Figure 4. Historic average yield per decade for USA (click to enlarge).

It is interesting to see that there was little change until the 1940s, with the advent of the Green Revolution (modern breeding techniques, fertilization, pesticides, etc.). The 2010s decade in Figure 4 includes 2010, 2011 and 2012, with the last two years reflecting extensive droughts. Drought tolerance is one of the most important traits in modern breeding programs.

Drought’s Footprint map produced by The New York Times (click on graph to  view larger version in the NYT).

Drought’s Footprint map produced by The New York Times (click on graph to view larger version in the NYT). This can help to understand the Decade patterns in previous figures.

While Prof. Heinemann and myself work for the same university I don’t know him in person.

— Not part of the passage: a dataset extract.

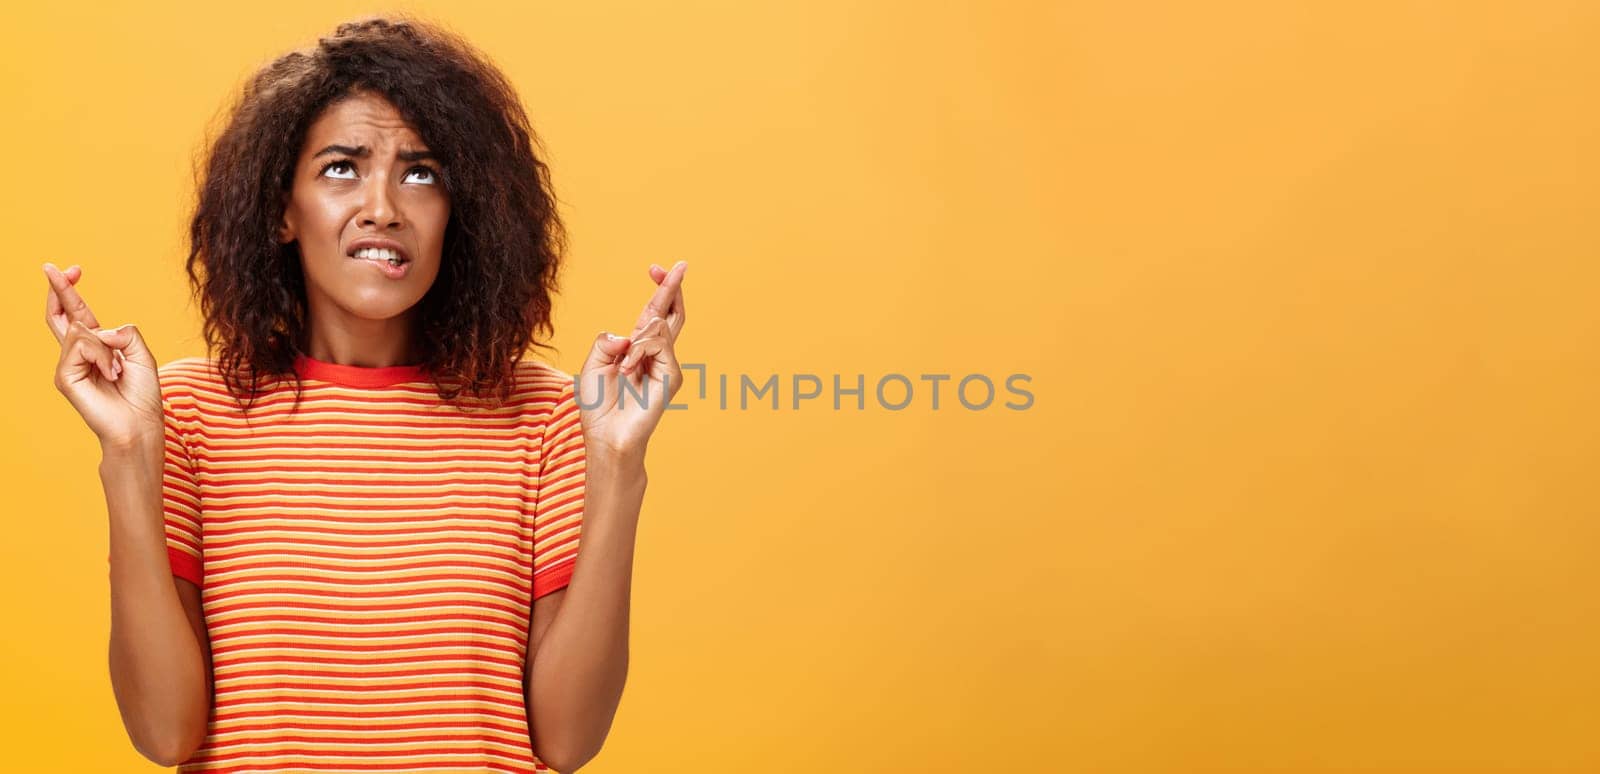 Waist-up shot of hopeful concerned and anxious charming dark-skinned woman with afro hairstyle in trendy striped t-shirt biting lip nervously looking up crossing fingers for good luck while praying. Lifestyle.
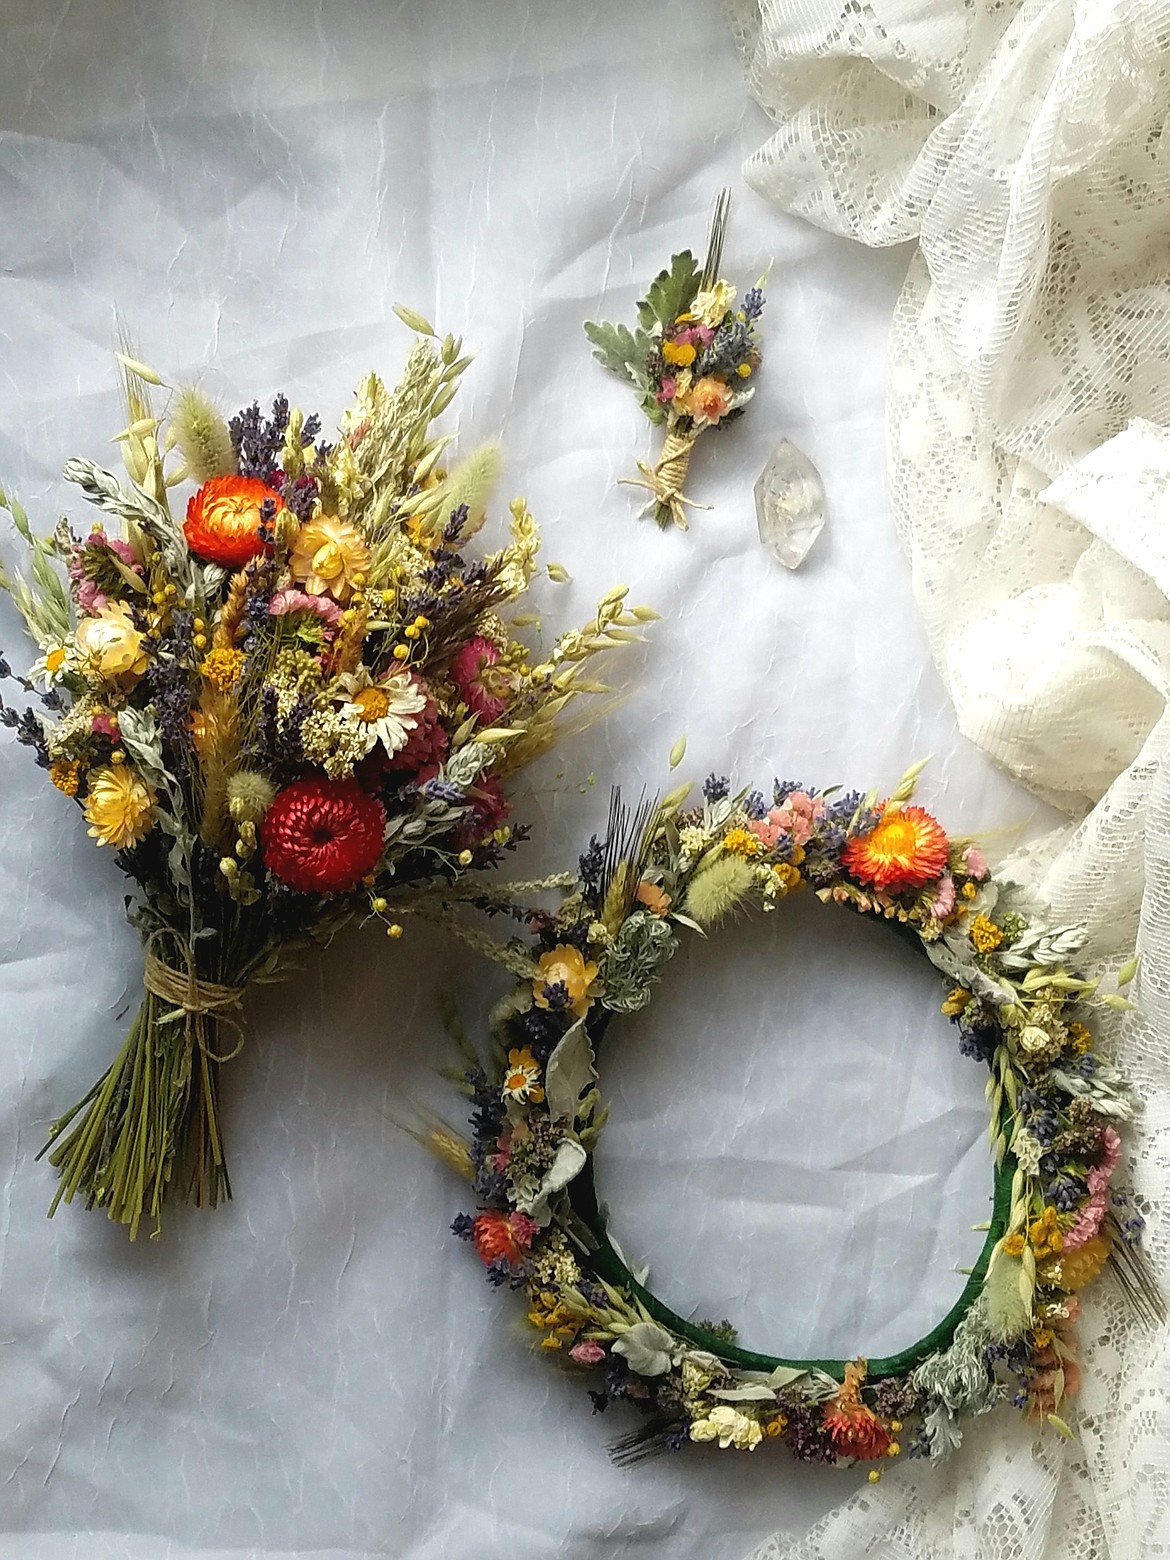 Kelly's online Etsy shop features ornate dried flower bouquets, boutonnieres, and crown head pieces for weddings, as well as one of a kind flower rings, and also an array of home decor items too. (Photo courtesy Eryn Kelly)

P.S. Did you know that Norman Borlaug (hero of mine) studied forestry?
P.S.2 Time permitting I’ll have a look at other crops later. I would have liked to test a regression with dummy variables for corn to account for pre-2000 and post-1999, but there are not yet many years to fit a decent model (considering natural variability between years). We’ll have to wait for that one.
P.S.3 I share some of Heinemann’s concerns relating to subsidies and other agricultural practices.
P.S.4 In case anyone is interested, I did write about a GM-fed pigs study not long ago.
P.S.5 2013-07-05 20:10 NZST. I updated Figures 1 and 3 to clearly express that yield was in hectograms/ha and recalculated average decade yield because it was originally averaging yields rather calculating total production and area for the decade and then calculating average yield. The discussion points I raised are still completely valid.
P.S.6 2013-07-07 11:30 NZST. The inclusion of Canadian canola does not make any sense because, as far as I know, Canada is not part of Western Europe or the US Midwest. This opens the inclusion of crops from any origin as far as the results are convenient for one’s argument.